Return, word for word, only the lines of the data below that lie between the line with "Samson SWS212HH-E, Stage" and the line with "The Current Volume 24: Issue 15", those two lines included.

Recorded data START

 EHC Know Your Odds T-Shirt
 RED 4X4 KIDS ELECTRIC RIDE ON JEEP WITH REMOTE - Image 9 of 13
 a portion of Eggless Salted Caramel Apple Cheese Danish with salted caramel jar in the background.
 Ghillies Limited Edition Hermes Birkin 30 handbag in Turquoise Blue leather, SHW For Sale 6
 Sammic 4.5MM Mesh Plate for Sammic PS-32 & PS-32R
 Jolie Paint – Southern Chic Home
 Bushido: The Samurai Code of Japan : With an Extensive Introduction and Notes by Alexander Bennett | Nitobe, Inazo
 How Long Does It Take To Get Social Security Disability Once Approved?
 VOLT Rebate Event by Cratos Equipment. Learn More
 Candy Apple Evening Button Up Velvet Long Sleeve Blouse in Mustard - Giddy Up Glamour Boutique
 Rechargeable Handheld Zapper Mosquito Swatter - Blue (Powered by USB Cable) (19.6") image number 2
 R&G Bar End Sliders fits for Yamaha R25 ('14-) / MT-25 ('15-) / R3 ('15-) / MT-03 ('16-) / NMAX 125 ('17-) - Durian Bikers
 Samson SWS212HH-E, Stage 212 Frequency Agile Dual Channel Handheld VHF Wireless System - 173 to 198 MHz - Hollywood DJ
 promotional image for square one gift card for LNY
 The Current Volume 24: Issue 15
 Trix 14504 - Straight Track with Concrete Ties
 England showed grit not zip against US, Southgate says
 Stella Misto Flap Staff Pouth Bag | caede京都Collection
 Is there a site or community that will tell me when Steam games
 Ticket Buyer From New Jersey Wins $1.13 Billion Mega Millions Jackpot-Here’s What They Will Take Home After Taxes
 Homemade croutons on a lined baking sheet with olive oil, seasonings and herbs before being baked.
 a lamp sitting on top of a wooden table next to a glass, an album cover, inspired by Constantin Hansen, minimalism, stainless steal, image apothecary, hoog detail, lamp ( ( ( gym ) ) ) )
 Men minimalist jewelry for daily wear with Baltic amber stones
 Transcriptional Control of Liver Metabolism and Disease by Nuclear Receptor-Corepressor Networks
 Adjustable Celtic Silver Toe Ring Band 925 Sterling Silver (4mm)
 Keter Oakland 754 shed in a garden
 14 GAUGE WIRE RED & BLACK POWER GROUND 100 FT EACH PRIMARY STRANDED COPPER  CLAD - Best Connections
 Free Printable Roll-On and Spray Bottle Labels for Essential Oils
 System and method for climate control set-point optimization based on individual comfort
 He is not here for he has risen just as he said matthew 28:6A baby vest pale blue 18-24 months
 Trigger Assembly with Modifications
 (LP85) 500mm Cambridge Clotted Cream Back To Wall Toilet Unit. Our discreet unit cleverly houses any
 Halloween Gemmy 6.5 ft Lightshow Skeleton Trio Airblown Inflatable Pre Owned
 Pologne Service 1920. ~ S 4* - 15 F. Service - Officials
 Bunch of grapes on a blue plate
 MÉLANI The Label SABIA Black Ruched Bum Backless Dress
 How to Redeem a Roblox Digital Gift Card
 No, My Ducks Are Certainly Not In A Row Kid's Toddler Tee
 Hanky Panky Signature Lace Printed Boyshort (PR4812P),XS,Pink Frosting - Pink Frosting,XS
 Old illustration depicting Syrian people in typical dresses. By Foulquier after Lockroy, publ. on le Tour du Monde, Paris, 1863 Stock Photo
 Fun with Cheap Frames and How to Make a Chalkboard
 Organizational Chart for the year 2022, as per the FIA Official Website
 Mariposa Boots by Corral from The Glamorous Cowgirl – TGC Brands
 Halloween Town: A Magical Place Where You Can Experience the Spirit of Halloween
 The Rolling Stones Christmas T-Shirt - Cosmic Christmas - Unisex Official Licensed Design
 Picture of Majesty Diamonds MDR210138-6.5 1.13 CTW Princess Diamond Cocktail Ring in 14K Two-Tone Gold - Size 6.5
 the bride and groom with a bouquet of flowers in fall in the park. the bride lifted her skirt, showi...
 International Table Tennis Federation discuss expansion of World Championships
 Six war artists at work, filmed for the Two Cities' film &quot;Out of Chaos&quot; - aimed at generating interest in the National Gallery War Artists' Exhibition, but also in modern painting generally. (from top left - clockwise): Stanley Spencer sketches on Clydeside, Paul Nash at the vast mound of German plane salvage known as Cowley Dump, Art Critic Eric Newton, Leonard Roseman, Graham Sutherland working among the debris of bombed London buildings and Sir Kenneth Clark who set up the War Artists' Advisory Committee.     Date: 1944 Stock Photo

Recorded data END

▶ **Written answer**:
 Samson SWS212HH-E, Stage 212 Frequency Agile Dual Channel Handheld VHF Wireless System - 173 to 198 MHz - Hollywood DJ
 promotional image for square one gift card for LNY
 The Current Volume 24: Issue 15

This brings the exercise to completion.